→ **EXERCISE GOAL**
Within the material below, locate the line with "The duty marks, very" and the line with "Measure: 3,002 grams.", then return those two lines and all lines between them, exactly as written.

→ **INPUT RECORDS**
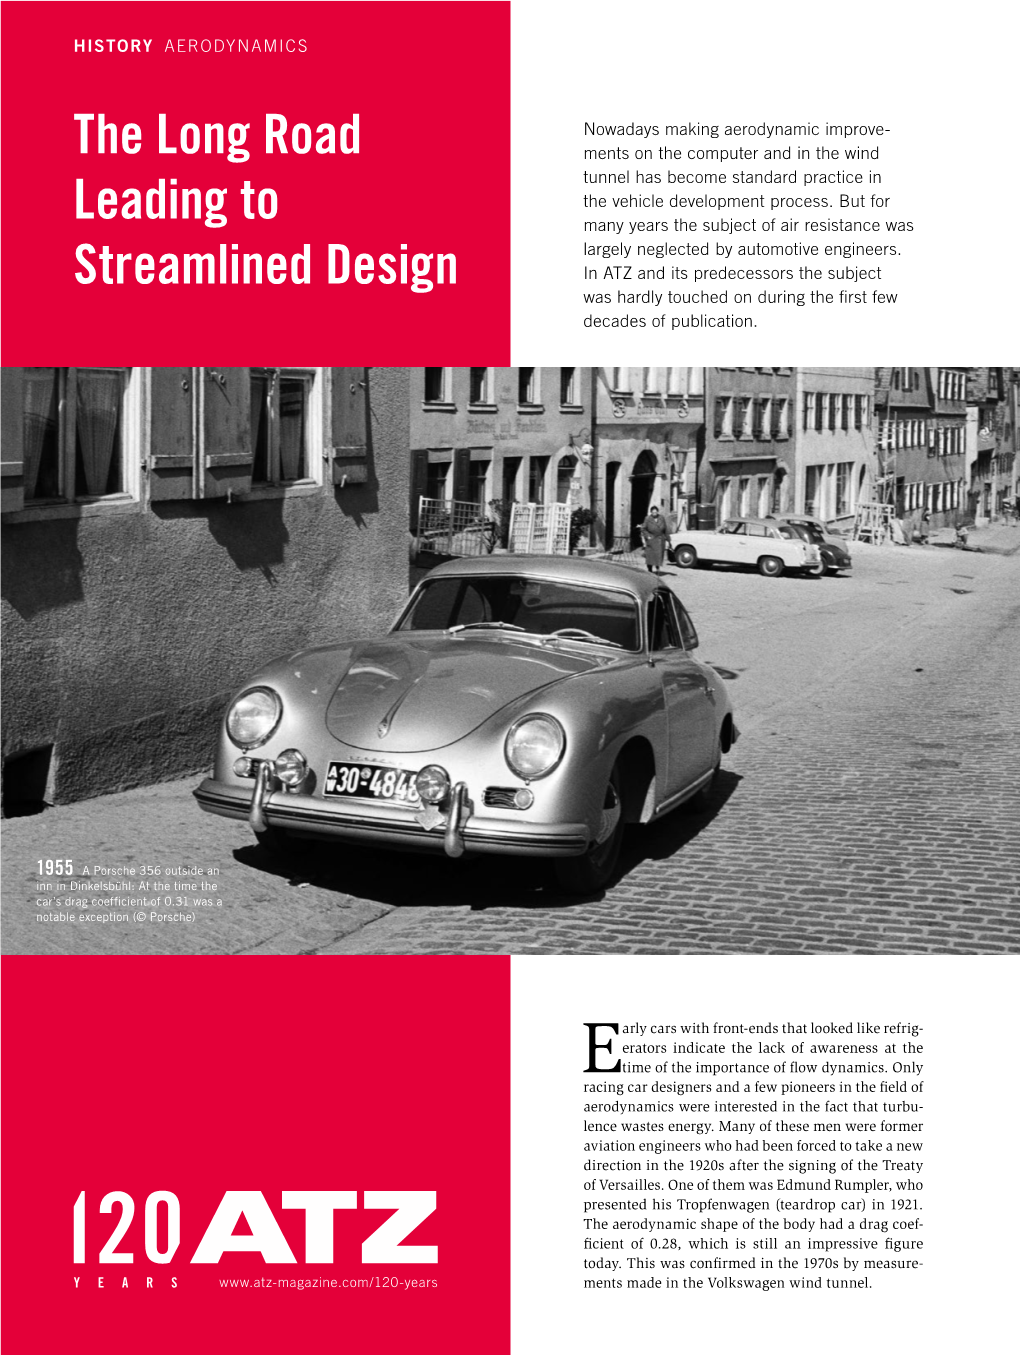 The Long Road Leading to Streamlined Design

---

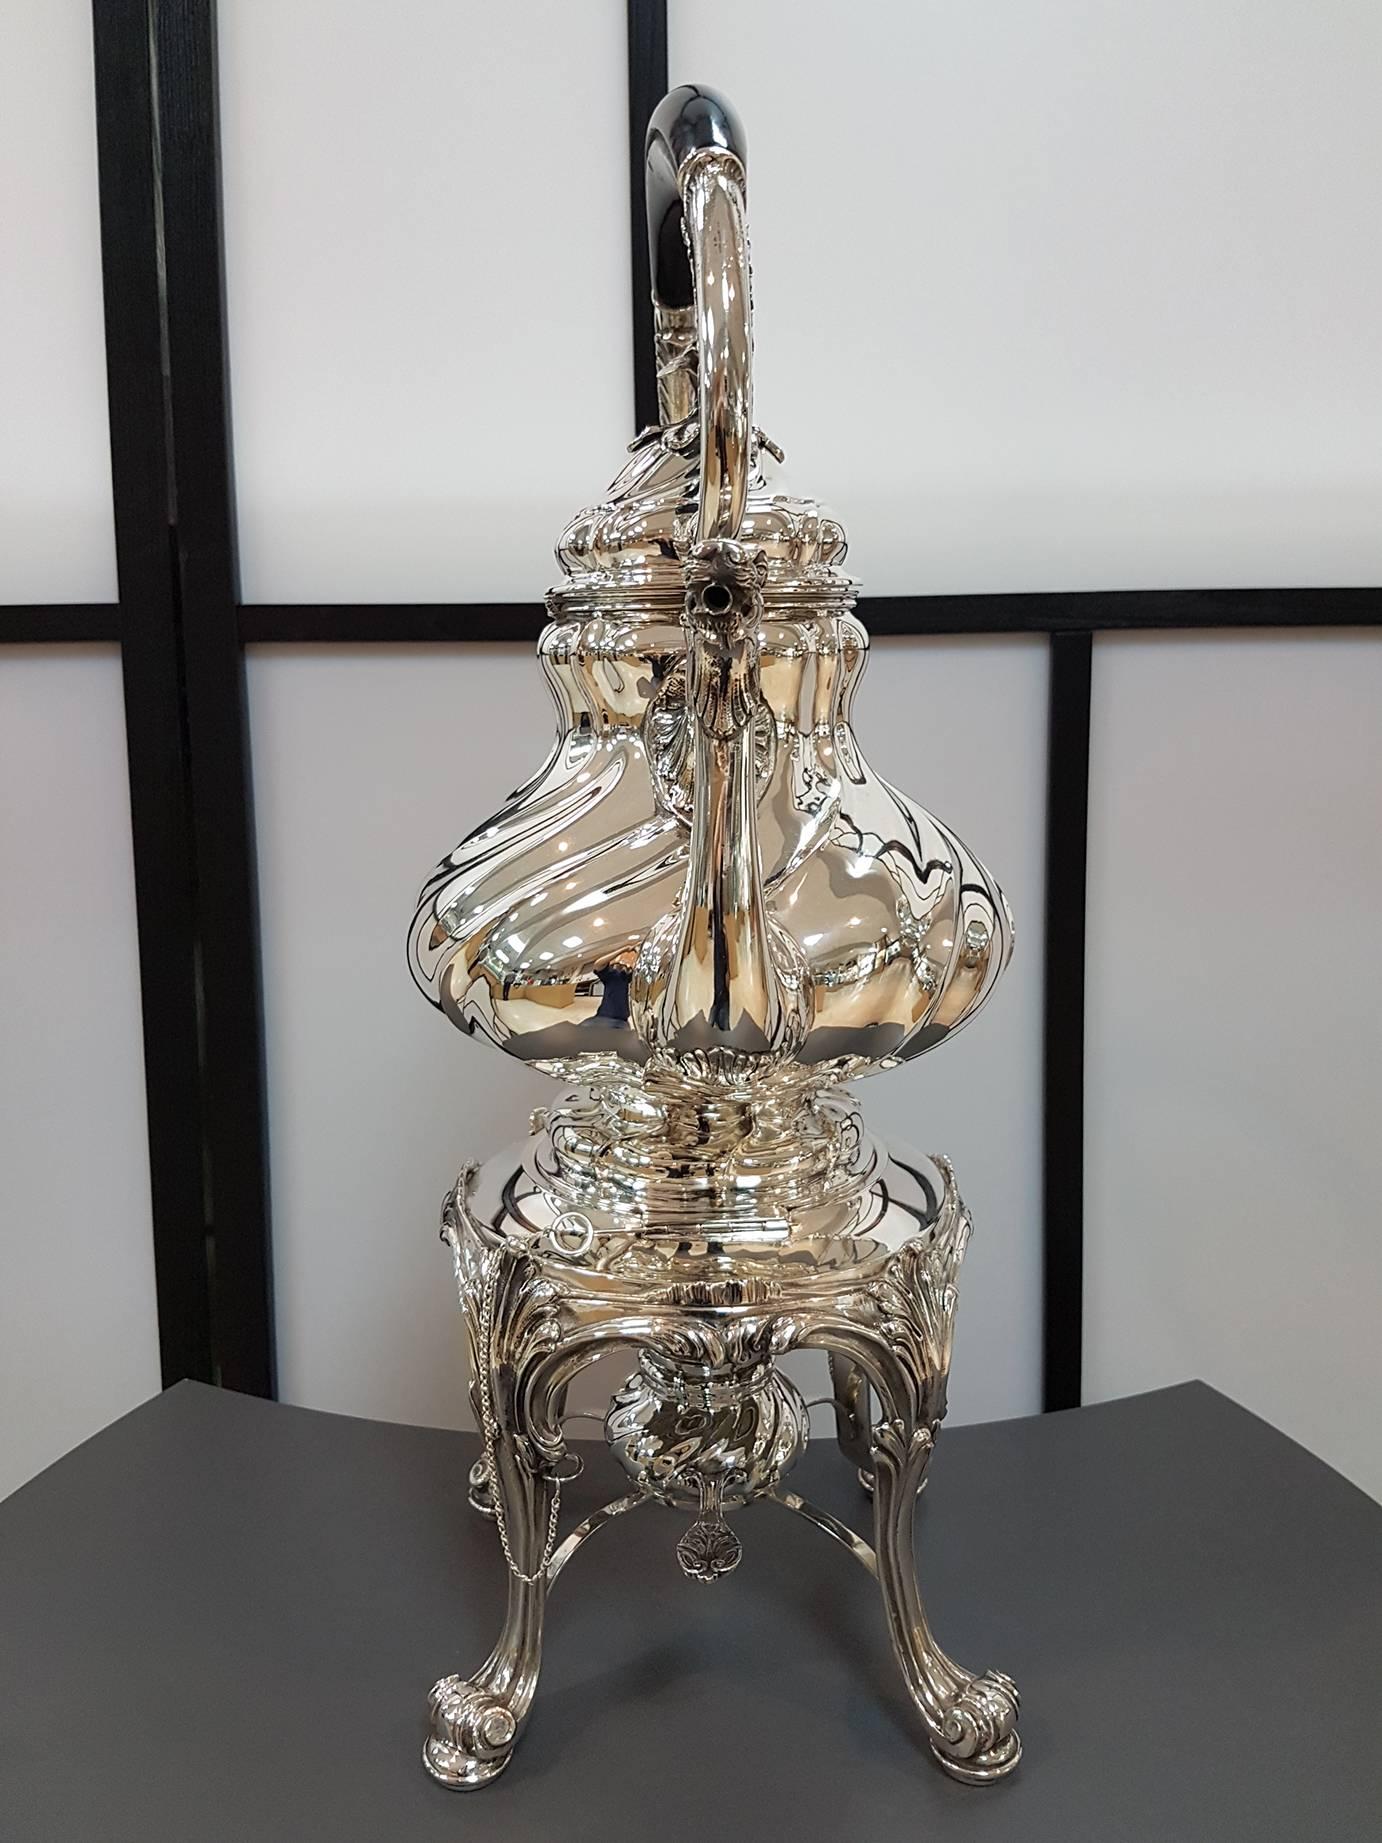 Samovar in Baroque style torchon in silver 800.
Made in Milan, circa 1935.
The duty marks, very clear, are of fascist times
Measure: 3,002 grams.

---

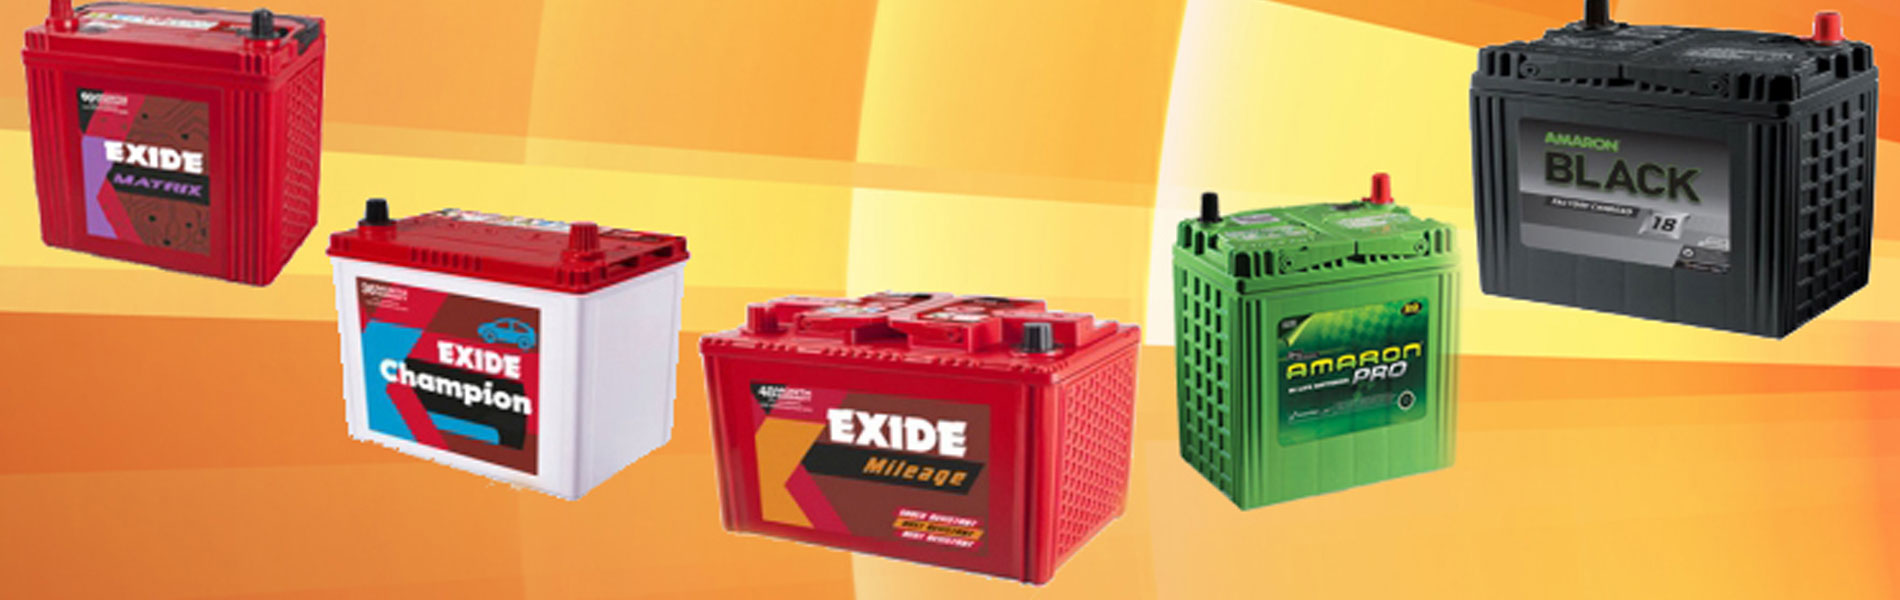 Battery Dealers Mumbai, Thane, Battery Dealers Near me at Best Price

→ **PROBLEM SOLUTION**
The duty marks, very clear, are of fascist times
Measure: 3,002 grams.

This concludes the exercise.